◆ Work to be completed: Below are records; reproduce exactly the lines from the one that has "La Botanica, 2911" through the one that has "Photo via Instagram, deniseylosdinos", ends included, and nothing more.

◆ Source material:
[Start of section]

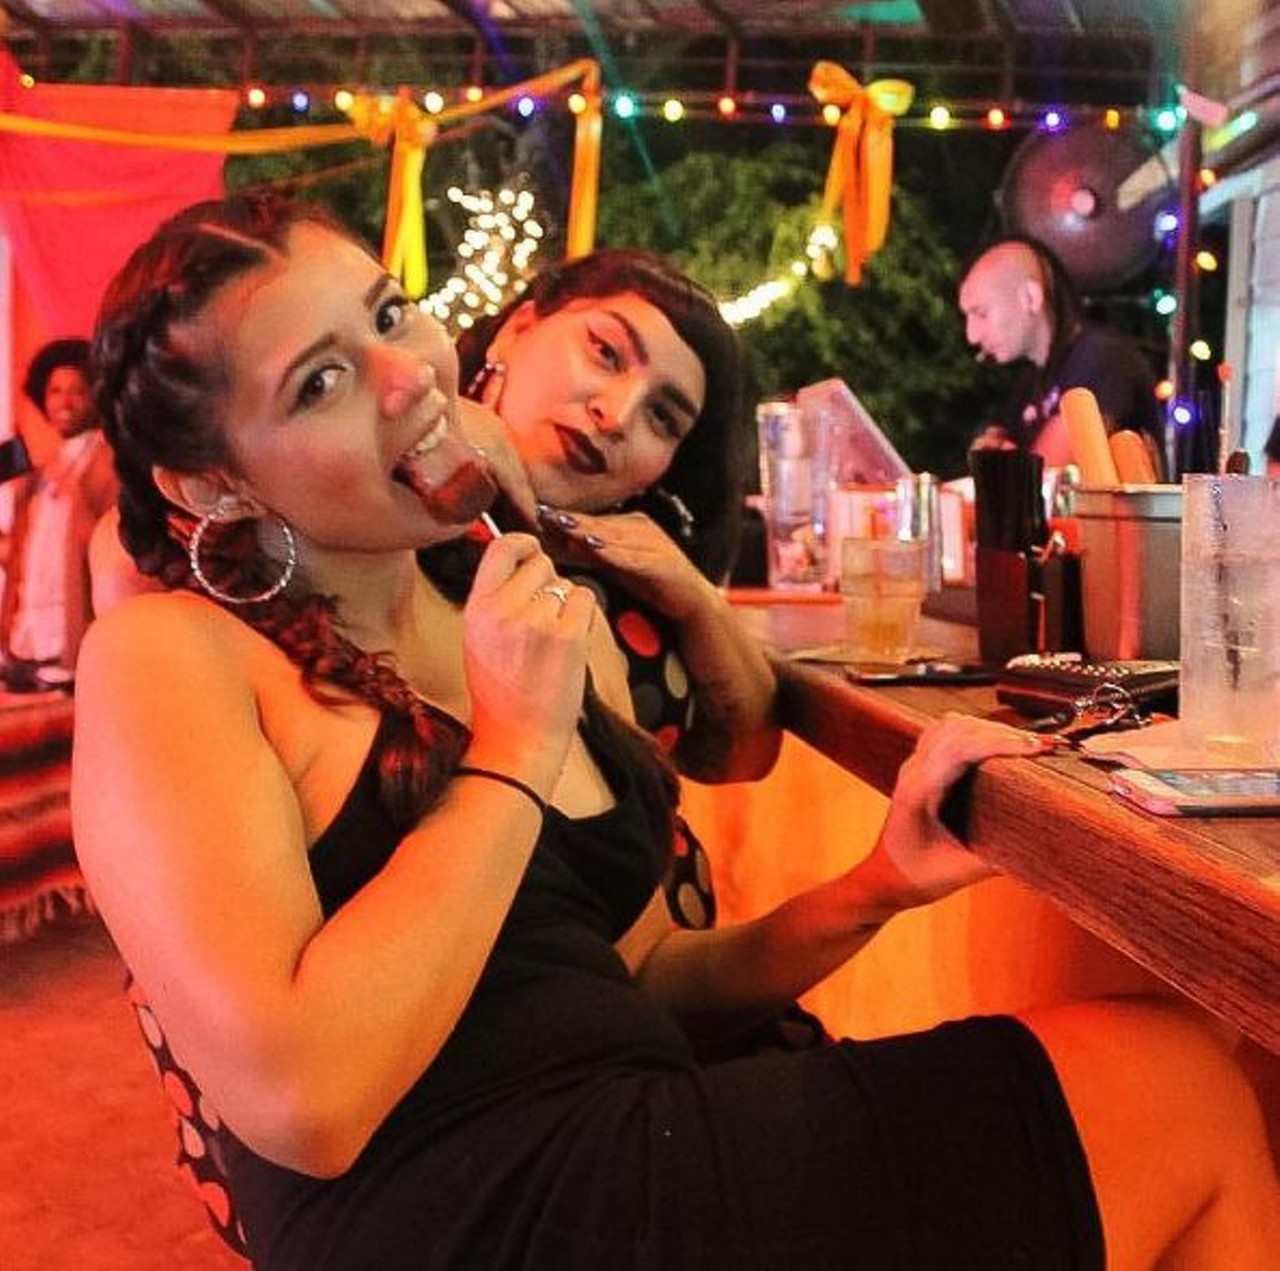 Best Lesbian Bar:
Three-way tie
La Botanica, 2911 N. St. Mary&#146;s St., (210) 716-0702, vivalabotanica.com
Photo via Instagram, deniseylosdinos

[End of section]
[Start of section]

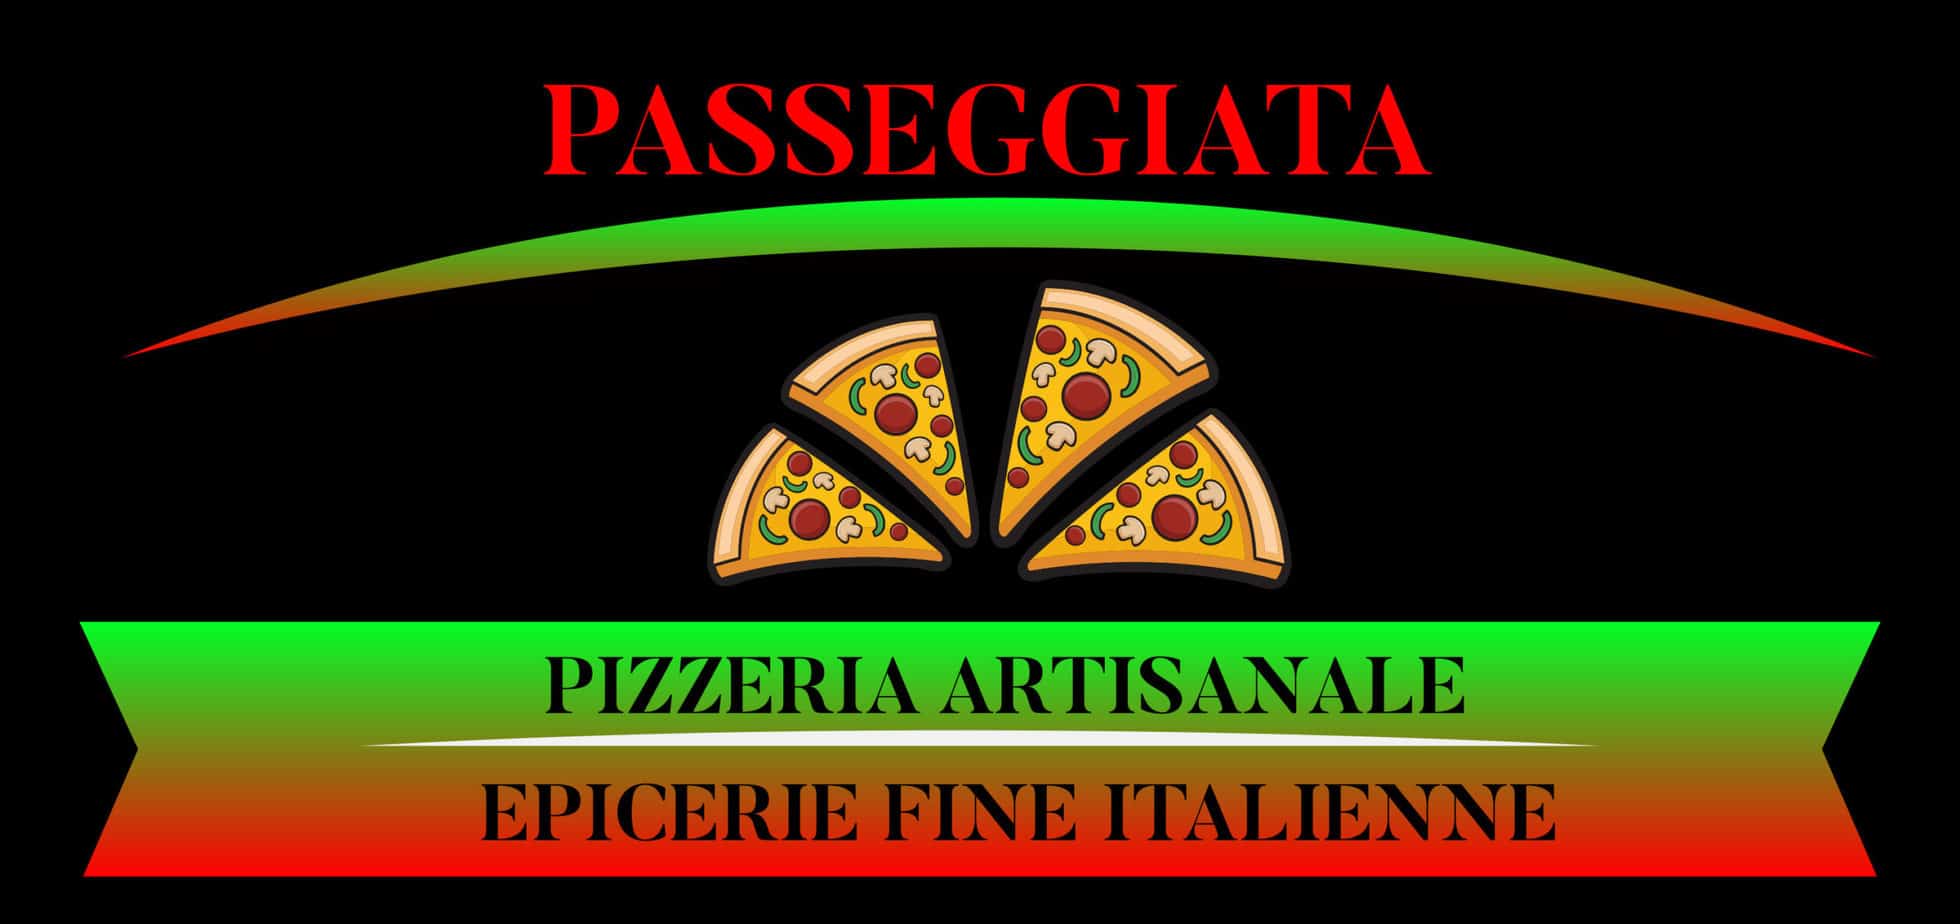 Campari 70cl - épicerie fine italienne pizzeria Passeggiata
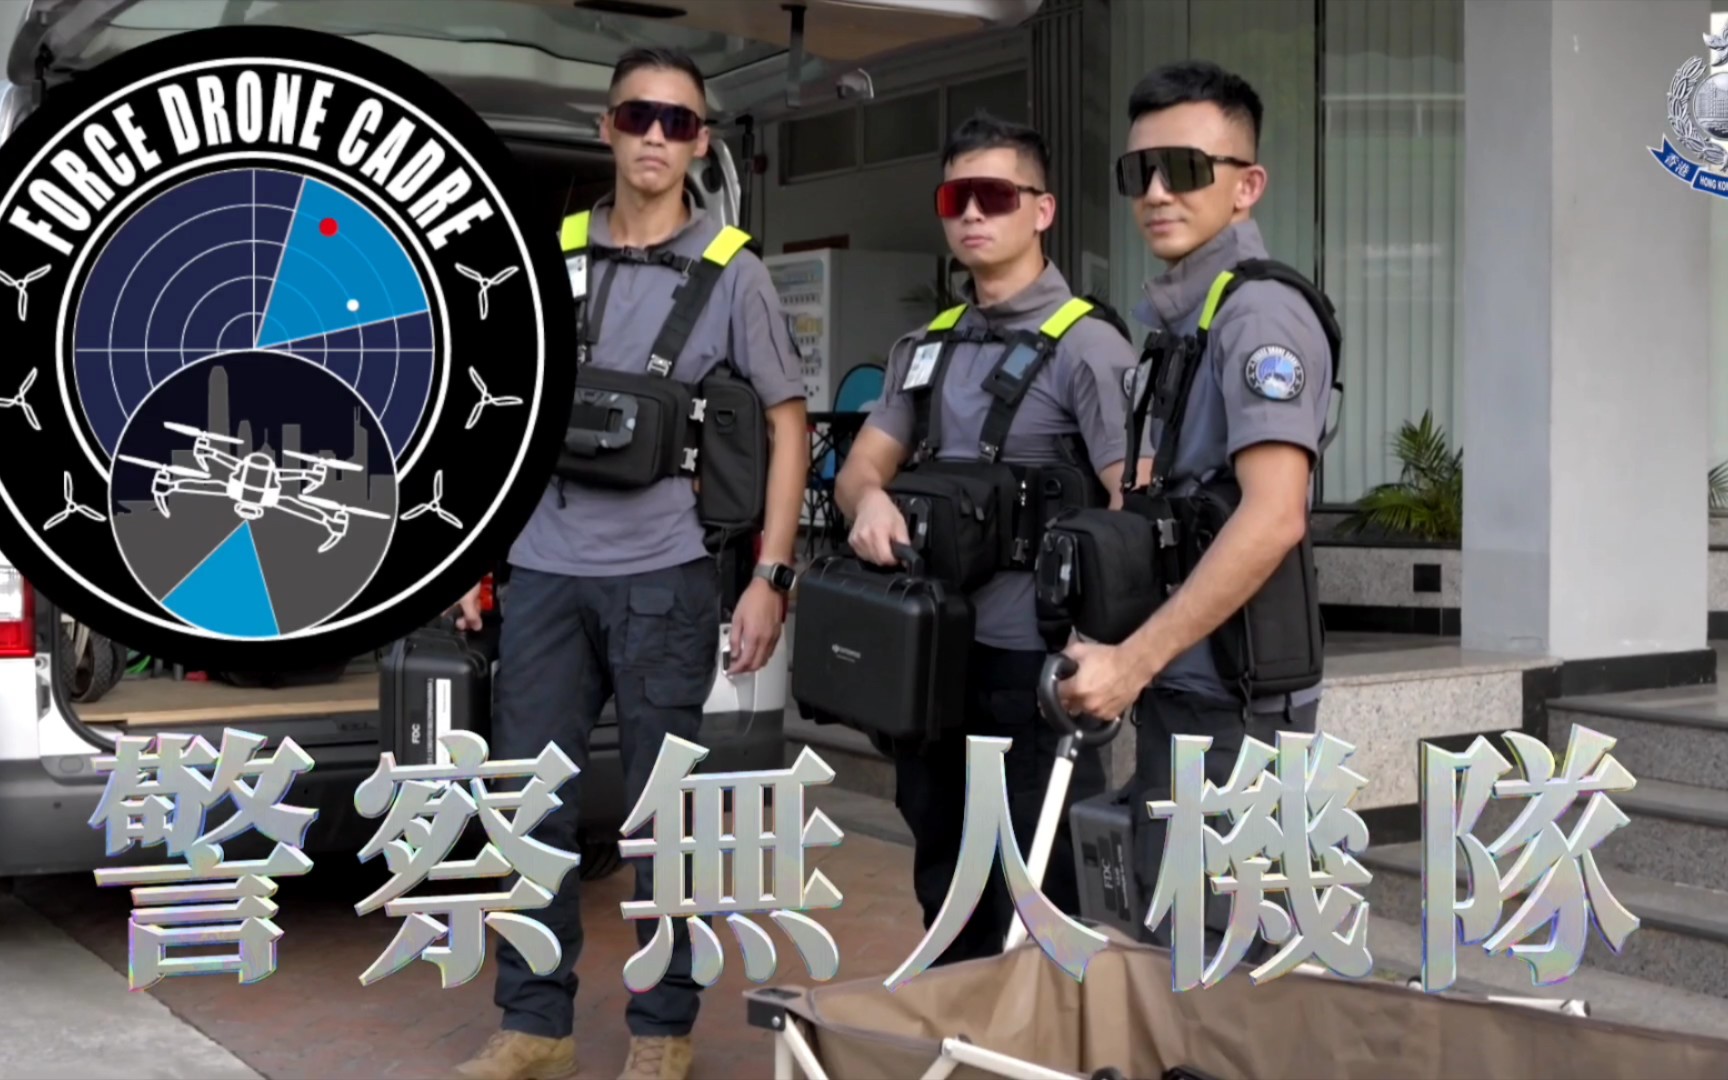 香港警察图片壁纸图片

[End of section]
[Start of section]

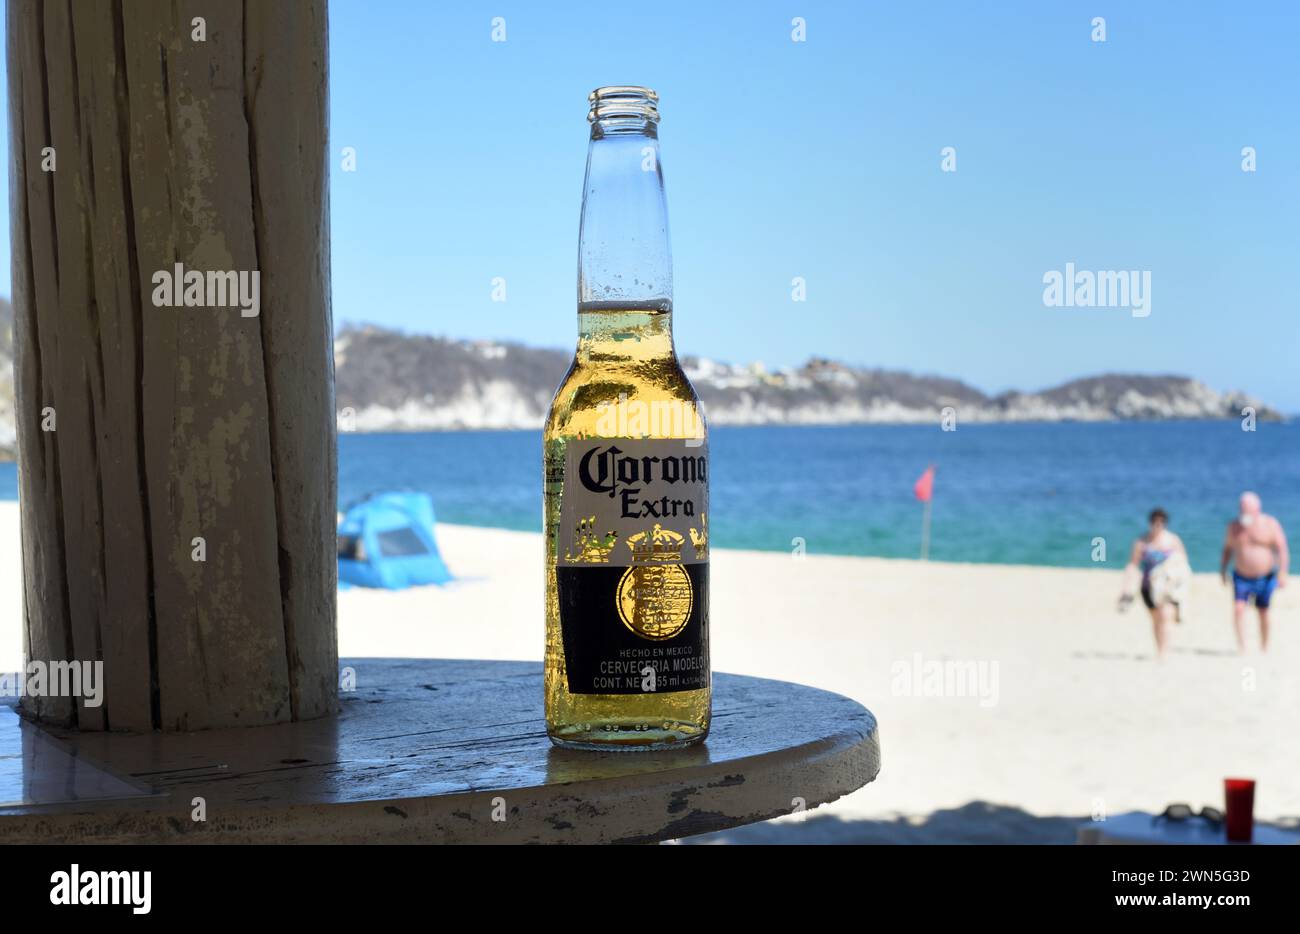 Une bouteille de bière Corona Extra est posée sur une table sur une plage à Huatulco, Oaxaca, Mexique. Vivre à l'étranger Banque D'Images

[End of section]

◆ Worked solution:
La Botanica, 2911 N. St. Mary&#146;s St., (210) 716-0702, vivalabotanica.com
Photo via Instagram, deniseylosdinos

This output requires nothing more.